🤖 AI Summary
To address the weak assessment of accent similarity in text-to-speech synthesis—particularly the low subjective reliability and failure of objective metrics for underrepresented accents—this paper proposes a novel human–machine collaborative evaluation framework. First, it improves the XAB listening test by integrating listener disagreement modeling, text-guided evaluation, and stringent inter-annotator reliability filtering to establish a lightweight, high-reliability subjective paradigm. Second, it introduces phonetically grounded objective metrics: interpretable measures based on vowel formant distance and phoneme posteriorgram similarity. Experiments demonstrate that the refined subjective protocol significantly enhances statistical power—reducing required participants by 40%. The proposed objective metrics achieve strong correlation with human judgments (Spearman’s ρ > 0.82) and substantially outperform mainstream ASR-based metrics (e.g., WER) on low-resource accents. Crucially, this work provides the first systematic analysis revealing inherent biases in WER and similar metrics for accent similarity assessment.
📝 Abstract
Despite growing interest in generating high-fidelity accents, evaluating accent similarity in speech synthesis has been underexplored. We aim to enhance both subjective and objective evaluation methods for accent similarity.
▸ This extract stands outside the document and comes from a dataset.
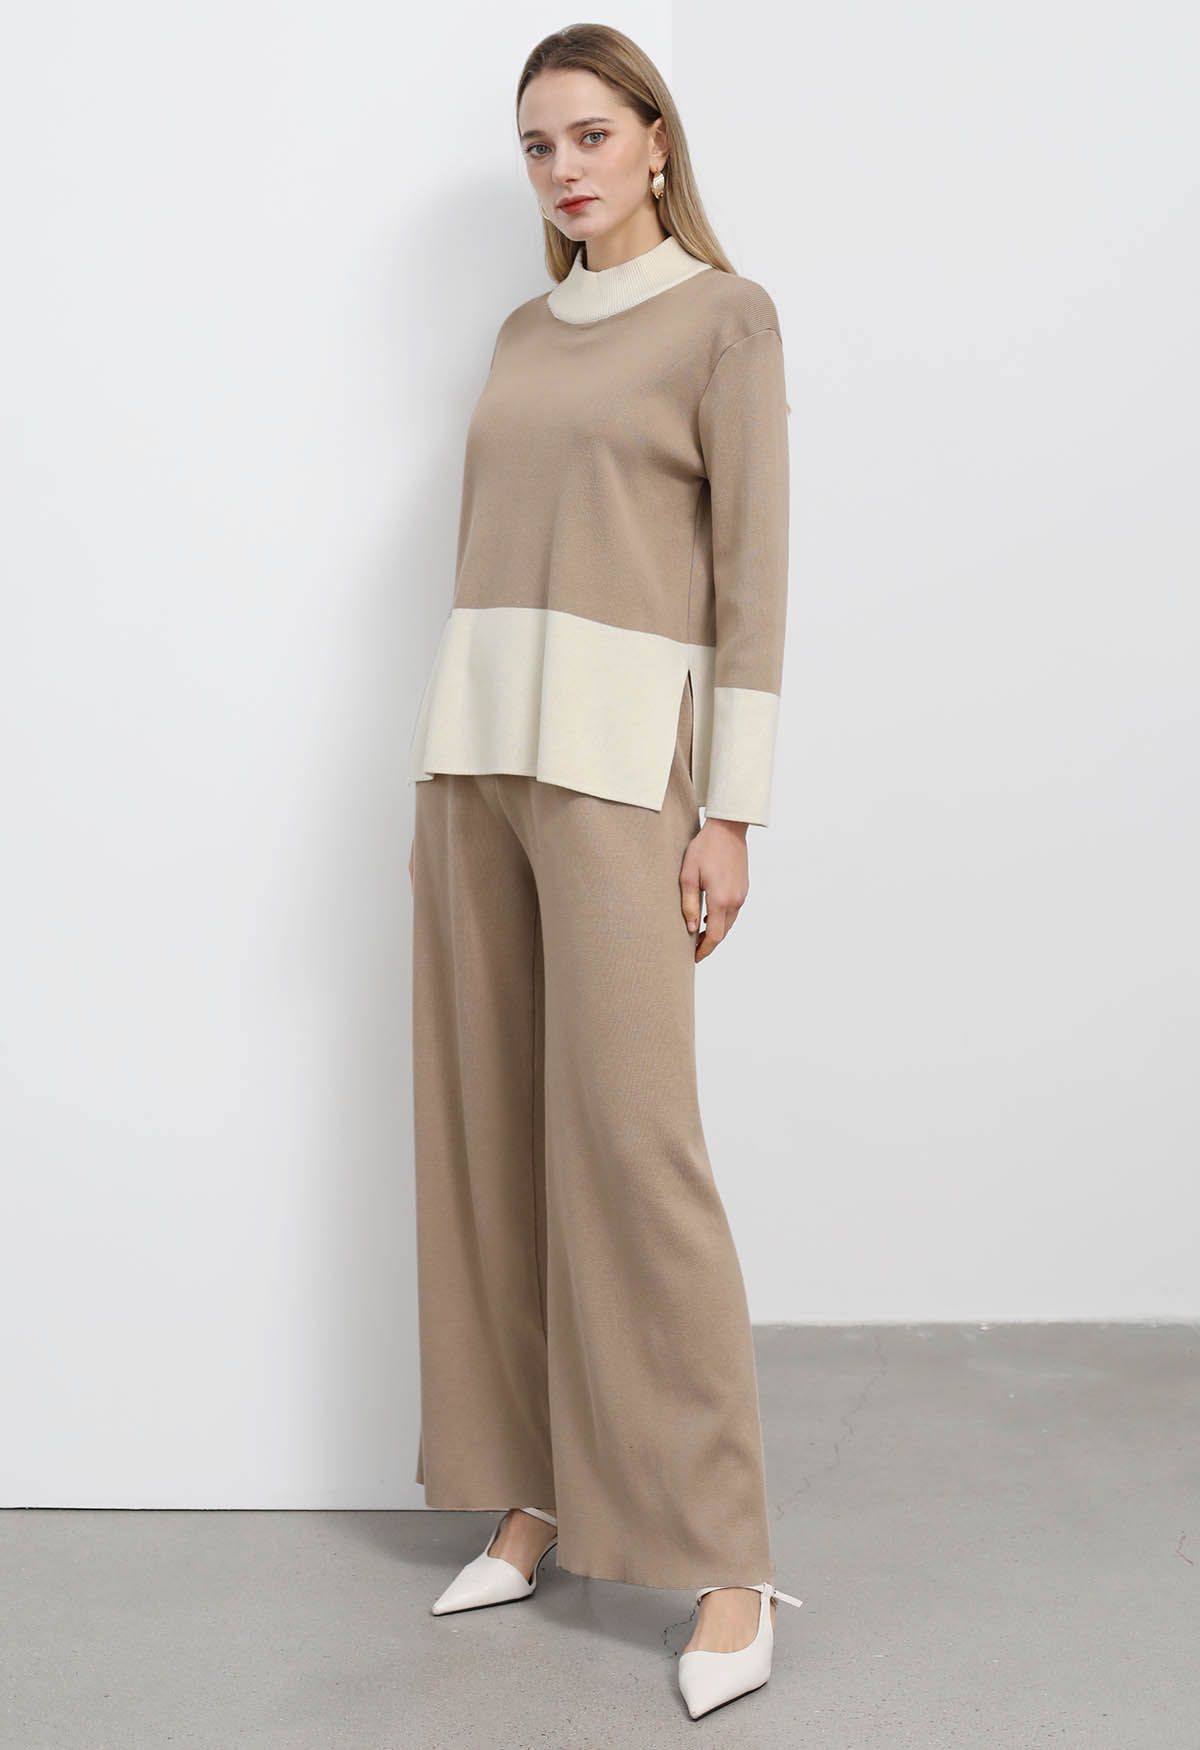 Color Block Mock Neck Knit Sweater and Pants Set in Light Tan
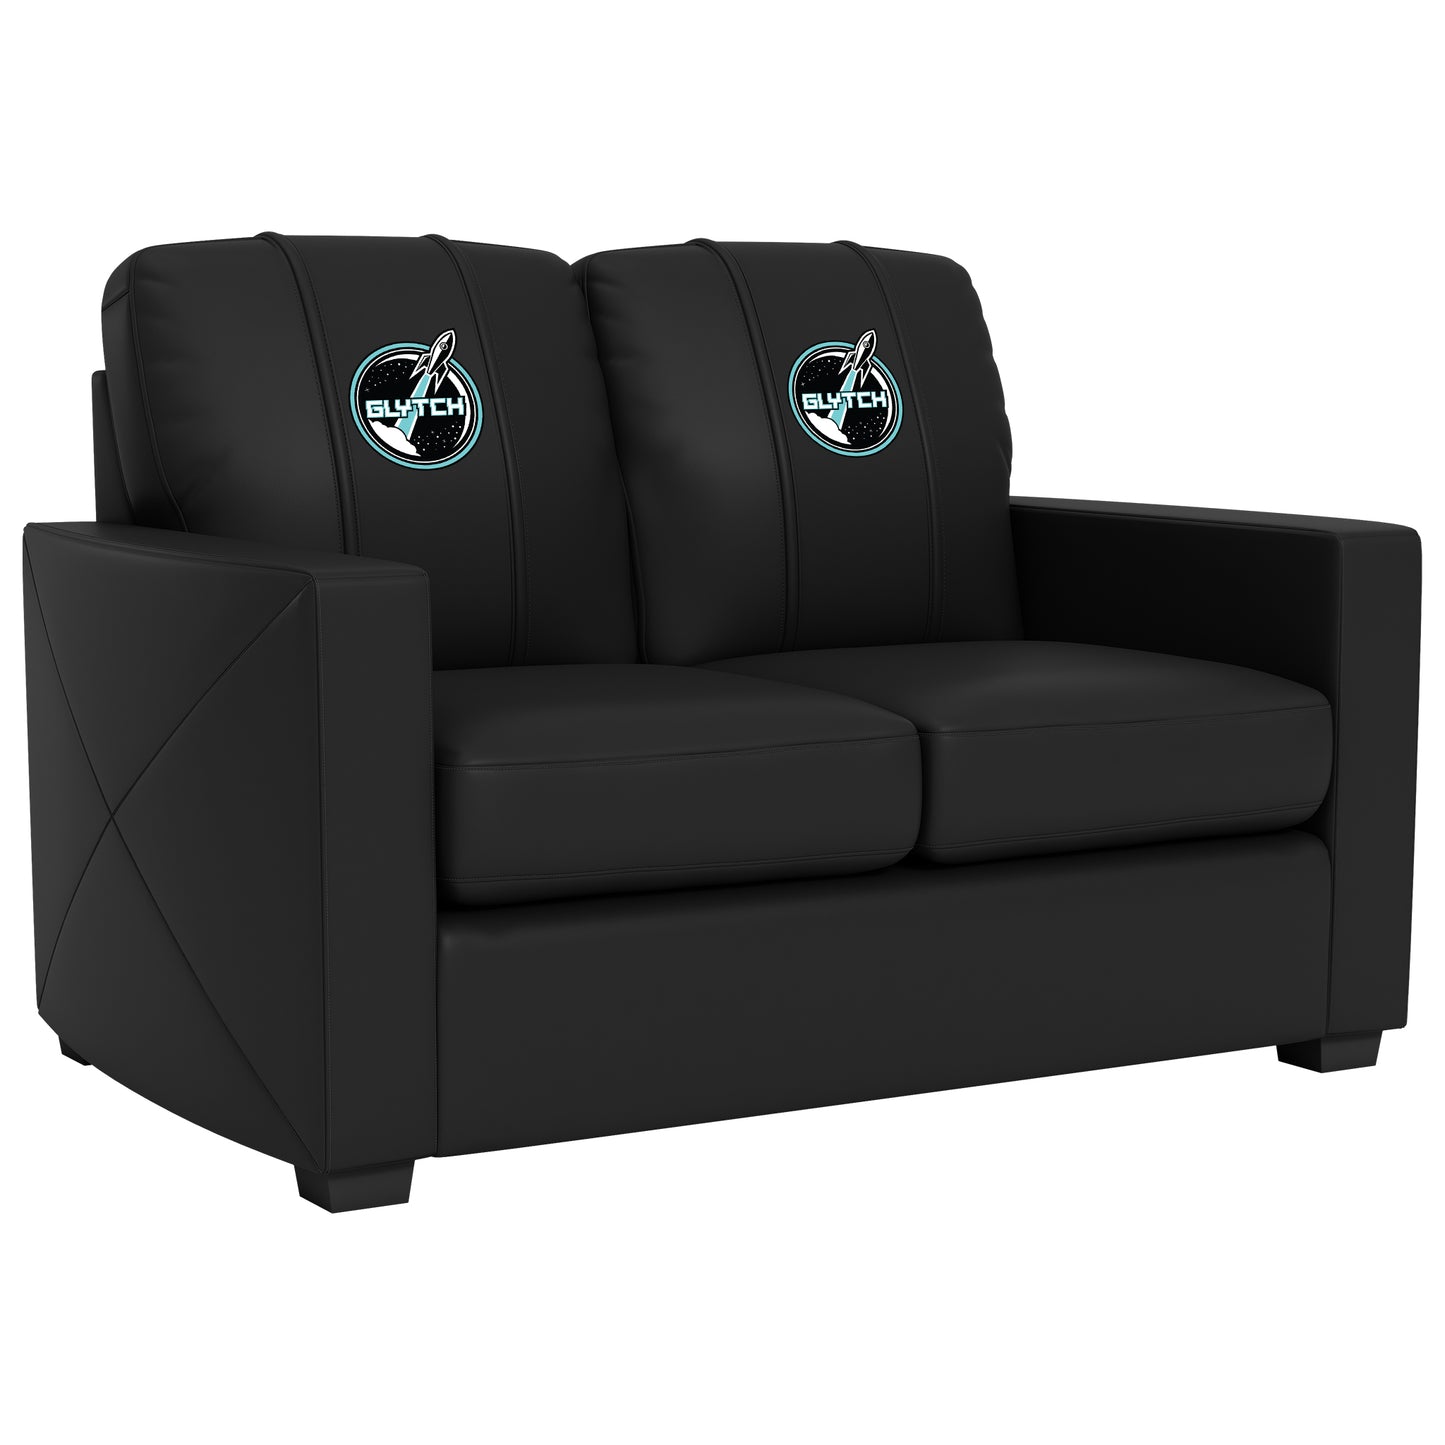 Silver Loveseat with Glytch Primary Logo

Subjectively, we refine the XAB listening test by adding components that achieve higher statistical significance with fewer listeners and lower costs. Our method involves providing listeners with transcriptions, having them highlight perceived accent differences, and implementing meticulous screening for reliability. Objectively, we utilise pronunciation-related metrics, based on distances between vowel formants and phonetic posteriorgrams, to evaluate accent generation. Comparative experiments reveal that these metrics, alongside accent similarity, speaker similarity, and Mel Cepstral Distortion, can be used. Moreover, our findings underscore significant limitations of common metrics like Word Error Rate in assessing underrepresented accents.